Which of the following numbers could be added to 3/14 to make a sum greater than 1/2?
Responses
1/4
1/3
2/7
3/14
Let's examine each option to see which could be added to 3/14 to result in a sum greater than 1/2.
1. Adding 1/4 to 3/14:
\[ \frac{3}{14} + \frac{1}{4} = \frac{3}{14} + \frac{7}{28} = \frac{3 \times 2}{28} + \frac{7}{28} = \frac{6}{28} + \frac{7}{28} = \frac{13}{28} \]
Since 1/2 is equivalent to 14/28, and 13/28 is less than 14/28, this sum is not greater than 1/2.
2. Adding 1/3 to 3/14:
\[ \frac{3}{14} + \frac{1}{3} = \frac{3}{14} + \frac{14}{42} = \frac{3 \times 3}{42} + \frac{14}{42} = \frac{9}{42} + \frac{14}{42} = \frac{23}{42} \]
Since 1/2 is equivalent to 21/42, and 23/42 is greater than 21/42, this sum is greater than 1/2.
3. Adding 2/7 to 3/14:
\[ \frac{3}{14} + \frac{2}{7} = \frac{3}{14} + \frac{4}{14} = \frac{3+4}{14} = \frac{7}{14} \]

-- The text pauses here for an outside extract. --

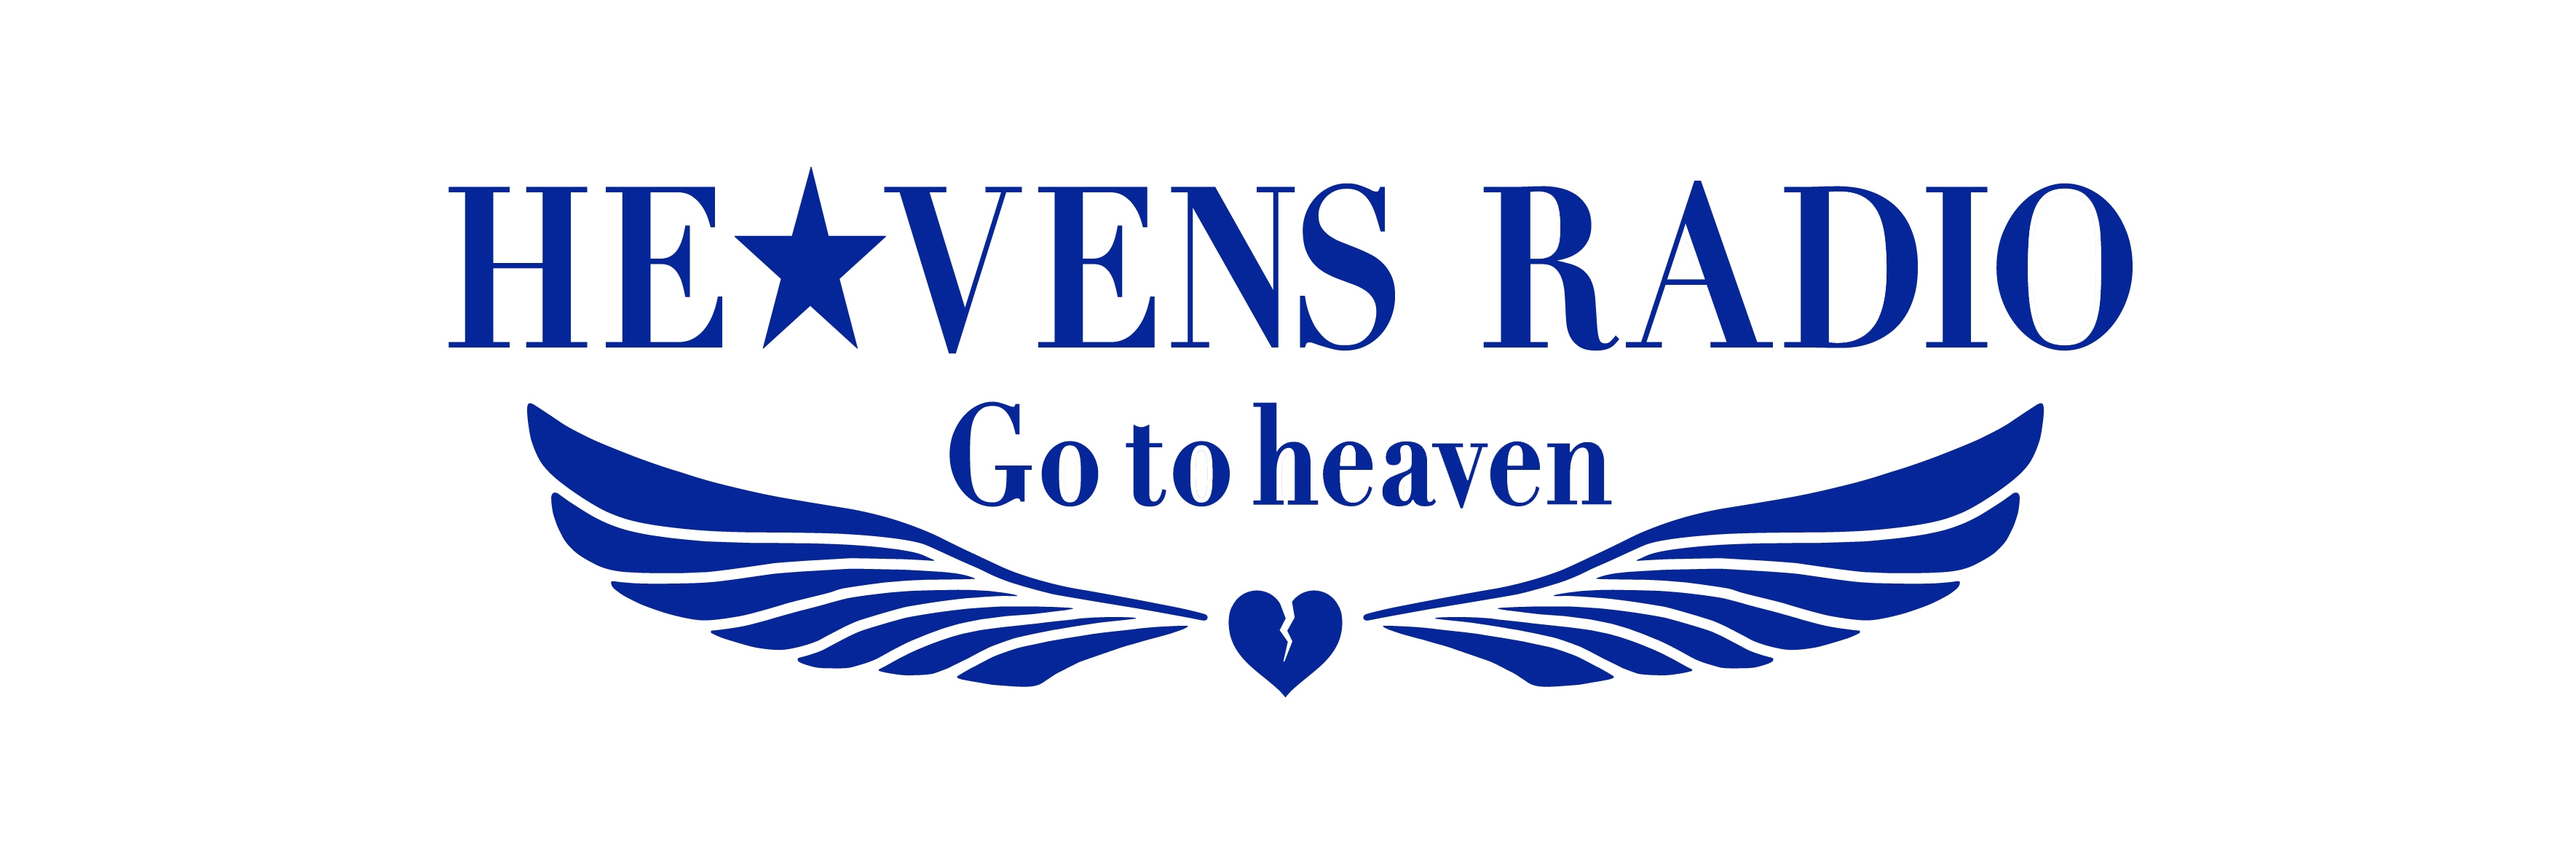 He Vens Radio Go To Heaven のdjcd Vol 3の詳細が決定 ジャケットはちびキャライラスト が全員登場 株式会社アニメイトホールディングスのプレスリリース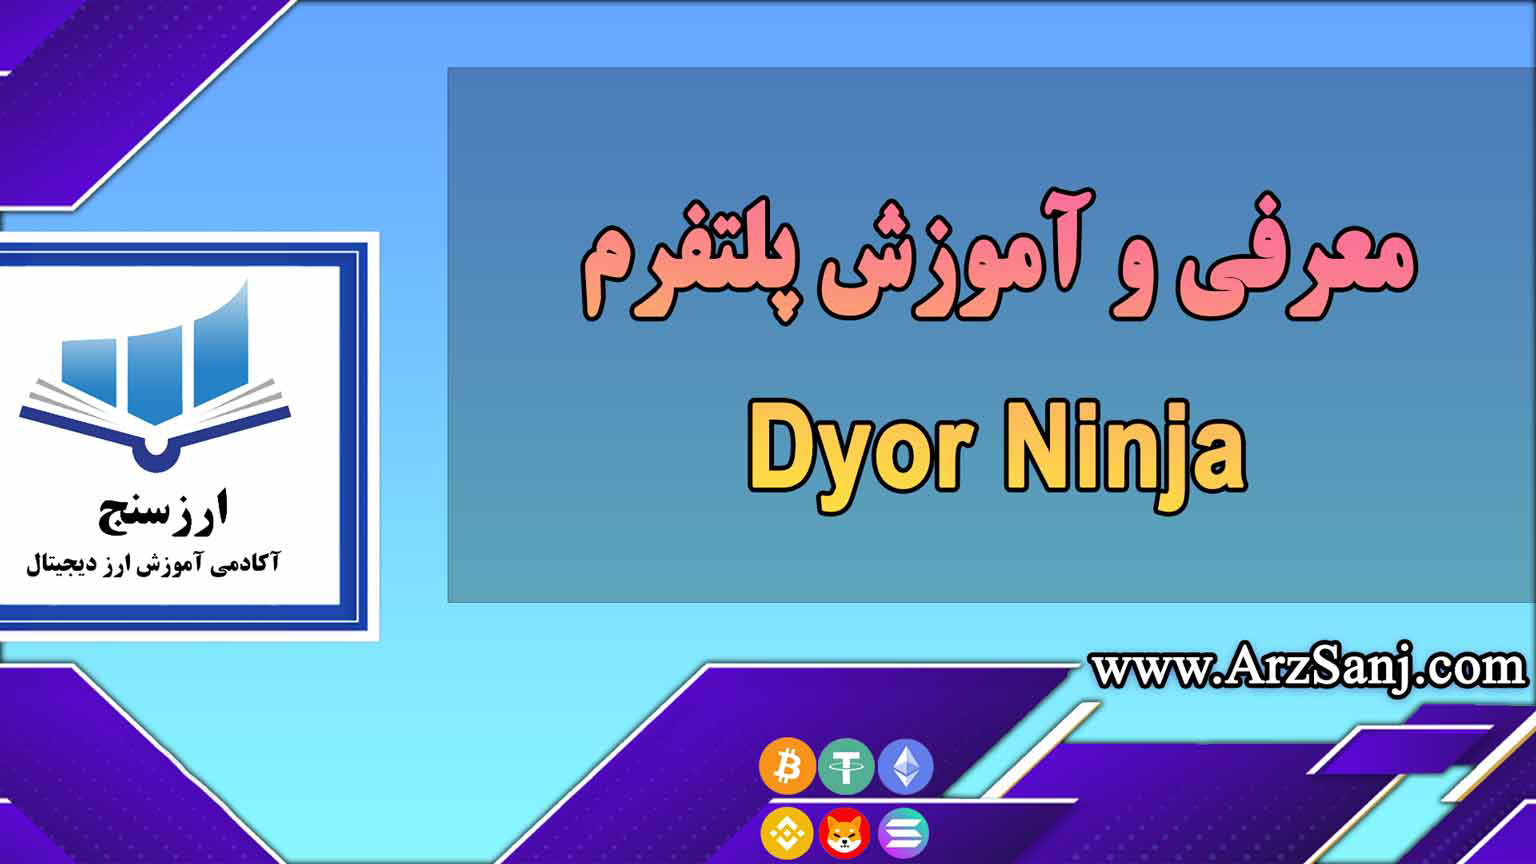 معرفی و آموزش پلتفرم Dyor Ninja

Since 7/14 simplifies to 1/2, this sum is exactly 1/2, not greater than 1/2.
4. Adding 3/14 to 3/14:
\[ \frac{3}{14} + \frac{3}{14} = \frac{3+3}{14} = \frac{6}{14} \]
Simplifying 6/14 gives us 3/7, which is still less than 1/2, so this sum is not greater than 1/2.
Therefore, the only option from the list that can be added to 3/14 to make a sum greater than 1/2 is 1/3.